Automatic pipeline for genome wide DNA methylome processing data based on snakemake

Automated workflow for WGBS and EM-Seq (NEB) data

Snakemake workflow for processing BS-seq libaries produced by Illumina bisulfite sequencing kits.

Supported protocols:

Note, both WGBS and EM-seq produce the same kind of data, so no adjustment for postprocessing needed.

Requirments

  • demultiplex fastq files in located in data directory. They need to be in the form {sample}_R1.fastq.gz

  • Snakefile shipped with this repository.

  • config.yaml shipped with this repository. It contains all parameters and settings to customize the processing of the current dataset.

  • samples.csv listing all samples in the data directory withoug the _R1.fastq.gz suffix. The first line is the header i.e. the work library . An example is shipped with this repository which can be used as a template.

  • Optionall: environment.yaml to create the software environment if conda is used.

  • Installation of snakemake and optionally conda

  • If conda is not used, bowtie , fastqc , samtools and deeptools need to be in the PATH.

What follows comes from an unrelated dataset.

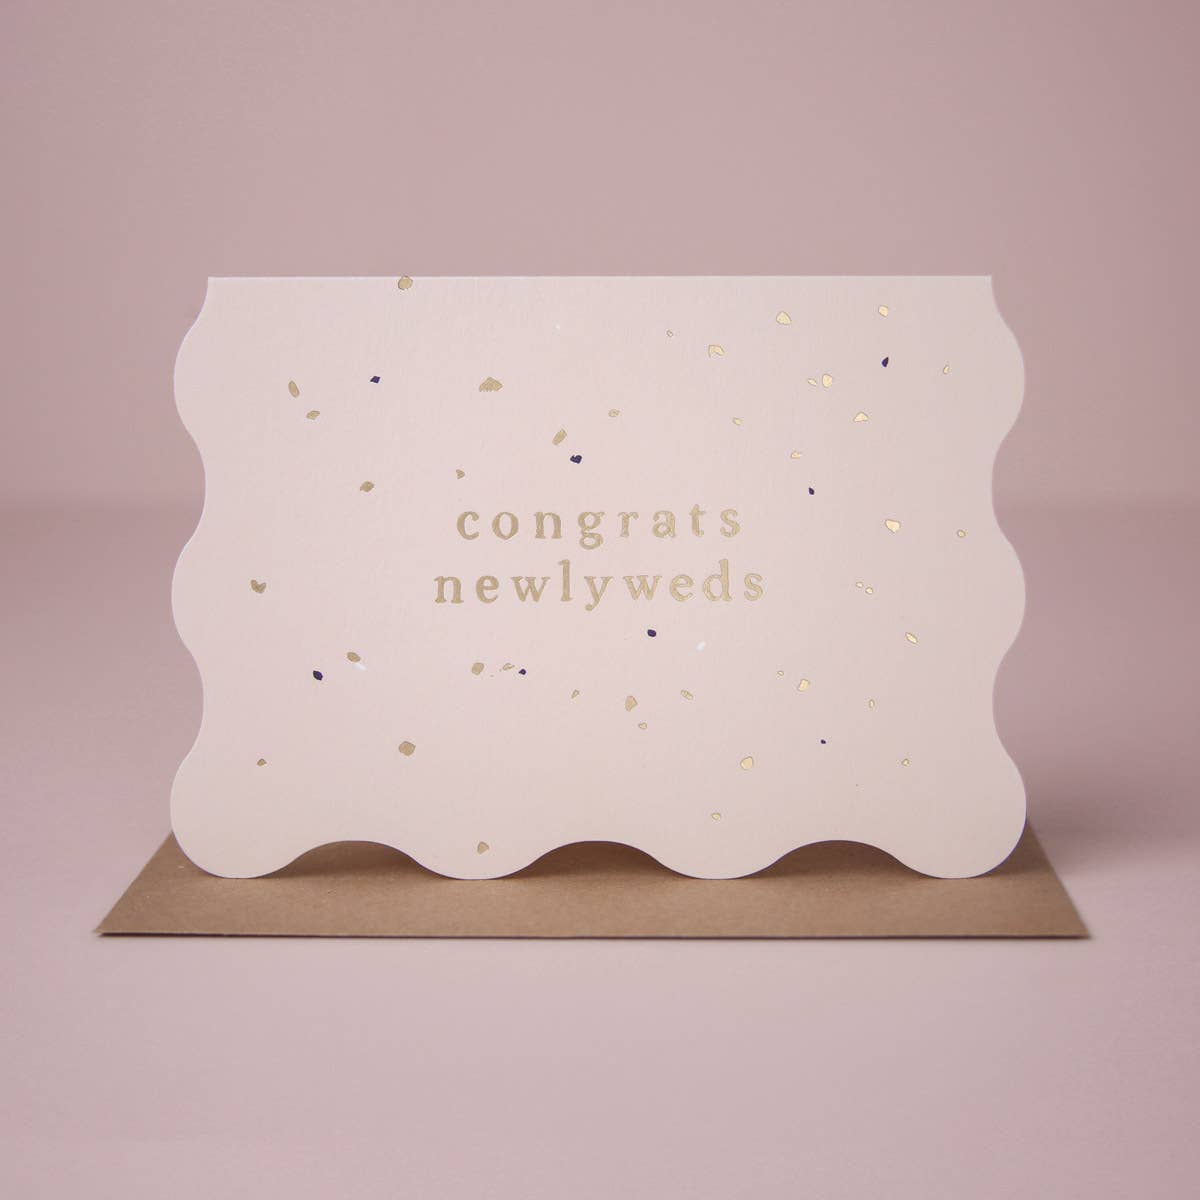 Newlyweds Wedding Card By Sister Paper Co.

    The above files can be downloaded as a whole by cloning the repository (which requires git):

git clone https://github.com/seb-mueller/snakemake-bisulfite

Or individually for example the Snakemake file using wget :

wget https://raw.githubusercontent.com/seb-mueller/snakemake_sRNAseq/master/Snakefile

creating conda environment

conda env create --file environment.yaml --name bsseq_pipeline

activate

conda activate bsseq_pipeline

To deactivate the environment, run:

conda deactivate

Genome preparation:

The pipeline requires a bismark index file which might have to be created at first. This best done having the reference genome as fasta file located in a directory by itself (there shouldn't be any other fasta files since bismark works in mysterious ways and you can't specify a conrete file, just the directory).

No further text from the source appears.